After several nights of listening to us tell our stories about all the hunts we were on, Dean was fired up and ready to go. He was working at the time filling tanks with heating oil and he would hunt most of the night, go to work all day, sleep some and be ready to do it all over again. There were times, after we became close friends, when we would hunt most of the night, put the dog to bed, get our gear and be in the woods in time to hunt deer the next morning.
But, to get back to our first hunt.
We drove just a mile to Hundred Springs, a really beautiful example of Pennsylvania mixed hardwoods and Evergreens. There are several streams and lots of hollows and ridges. We parked along the old road that runs the length of Hundred Springs and quietly shouldered our packs , leashed Ol' Jim and dropped over the bank.
I like to move into the woods about a hundred yards or so before I cut the hound loose. Just so he knows which way I want to go. Of course once he hits a coon, you go where he goes.
I remember those cold clear nights; the woods are quiet and the stars are shining like a million sparklers in the sky. After you are in there for a while everything slows down.
We can hear Jim padding through the leaves out ahead of us as he is casting about for a hot track. Then he comes romping back to us. No one who knows dogs could ever say they don't show joy, and if he wasn't grinning as much as I was when I patted him on the ribs and said, "go get im boy," well, you know what I mean.
Dean wasn't quite sure what to expect on this hunt even though I told him a dozen times; there's nothing like the real thing. After we had walked for a couple of hundred yards, we stopped and leaned up against an old tall Hemlock.
"What are we doing now," he asked.
"Well we've gone far enough, we don't want to over-run the dog." "We'll wait here for awhile and talk a little and listen."
I told Dean we would wait until we either heard Jim strike or he checked back with us.
"Well, what's he doing out there, one minute he was here then he was gone." I said , once he got the excitement run out and peed around a few trees he would get serious about hunting.
Now he is making a big circle; if he doesn't hit a track he will come back to us to let us know there is nothing down, at least in the circle he just made. He knows if he doesn't check back to let us know it's time to move on and just keeps on going, we won't know where he is and we won't be able to hear him if he trees.

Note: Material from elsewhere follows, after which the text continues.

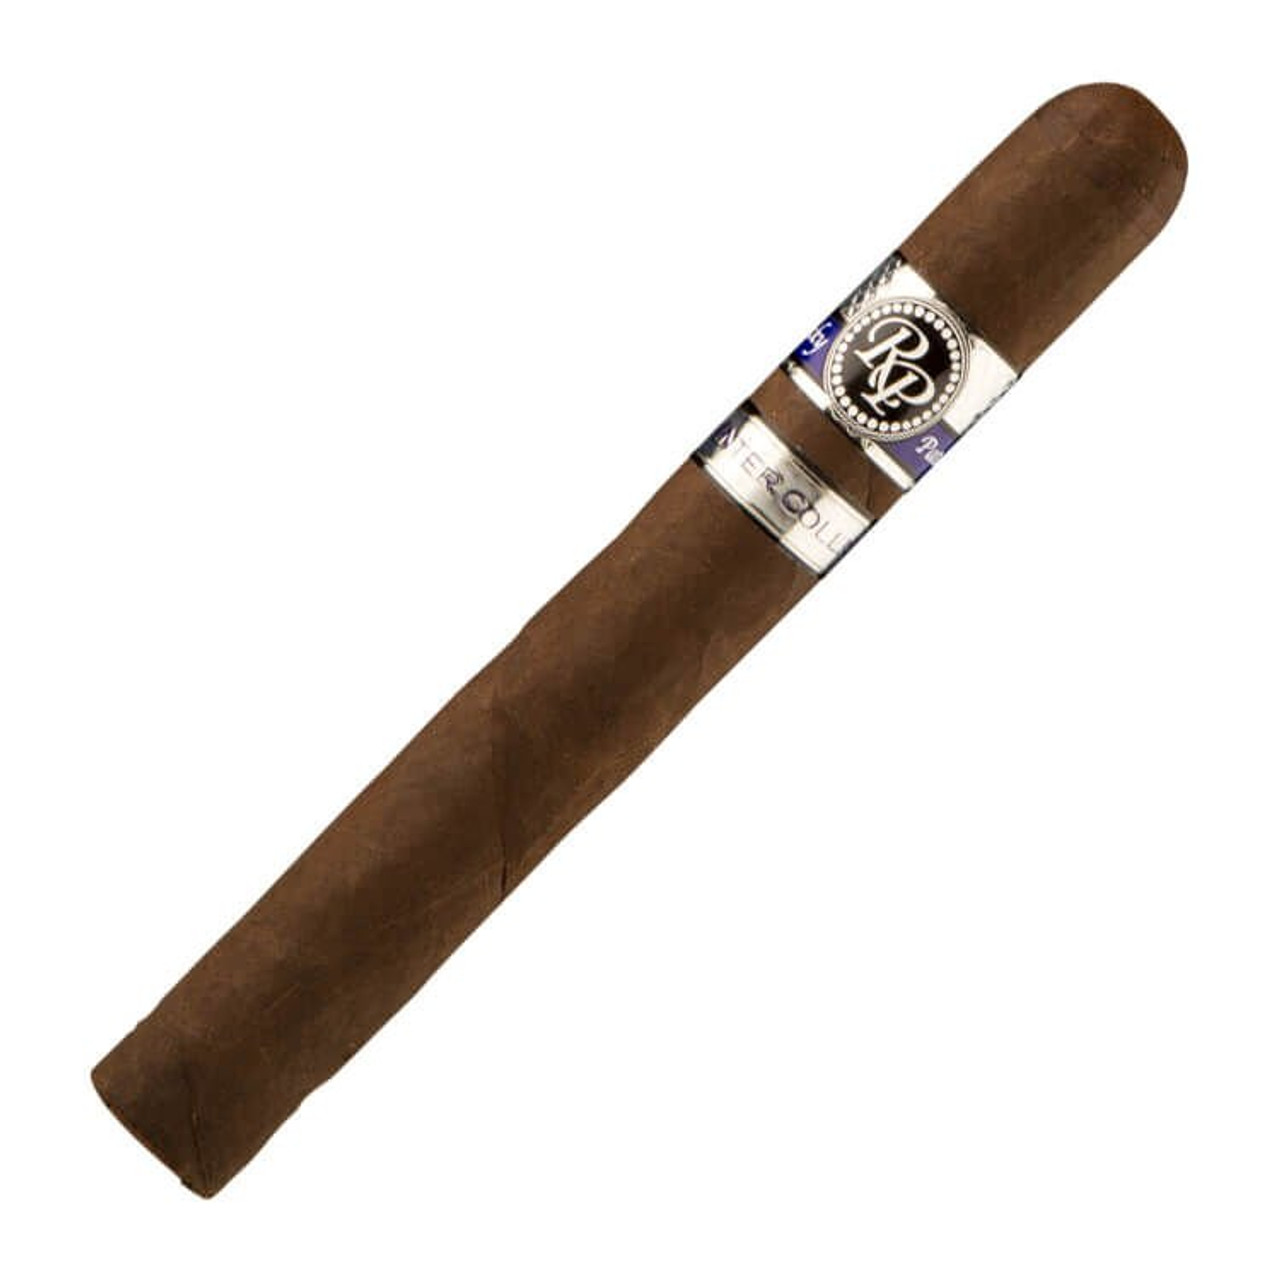 Rocky Patel Winter Collection Toro Cigars - 6.5 x 52 (Box of 20)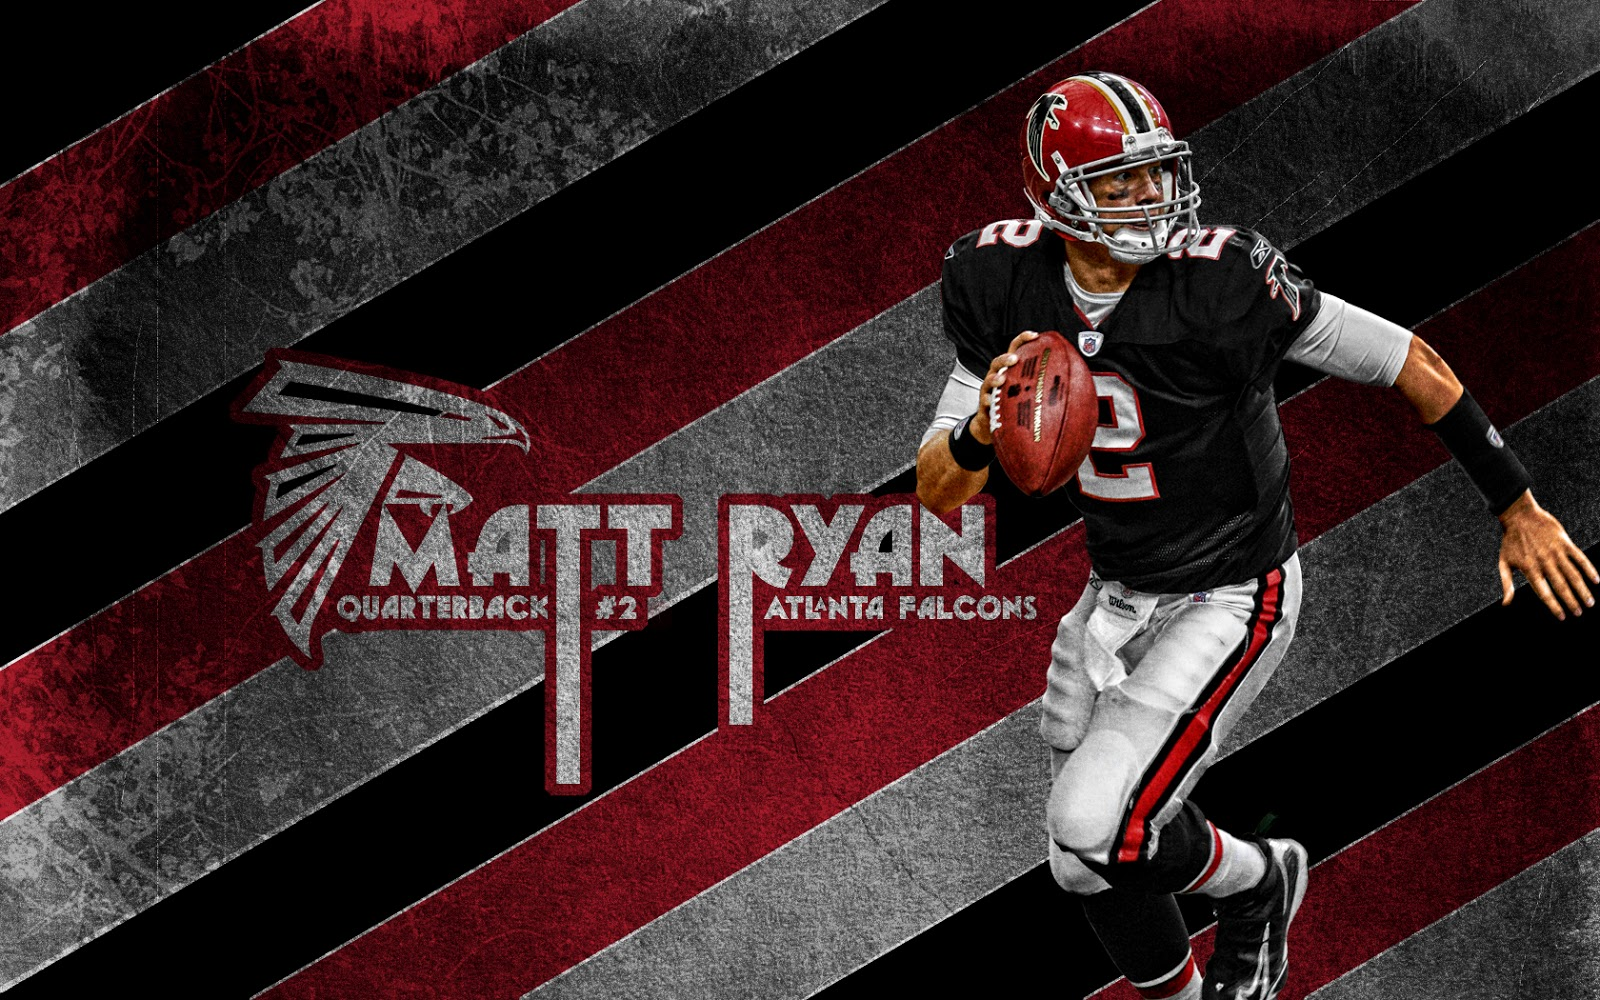 Atlanta Falcons Backgrounds Hq: FOOTBALLPLAYERSDELUXE: MATT RYAN

Dean wasn't sure if I was giving him a line or not. I told him I had been hunting one night and I heard Jim strike, one long drawn out bawl. Thinking he would tree very soon, I waited for him to tree bark. You see, once he strikes he is always either at the tree or very close to treeing. He doesn't bark unless he either sees the coon or hears it running in the leaves. He has a real hot nose.
I waited but didn't hear him barking again, so I slowly walked towards where I had heard him last. After about two hundred yards or so, I heard him treeing away off. Once I reached the tree, everything else was just like always. I shot the coon out of the tree, Jim finished it off, then I skinned it and put the hide in my pack. This same thing went on all night. I couldn't figure out what was going on. When I got up the next morning, I went over to my Uncle Dave's and told
him what had happened ." Were you hunting a new place," he asked.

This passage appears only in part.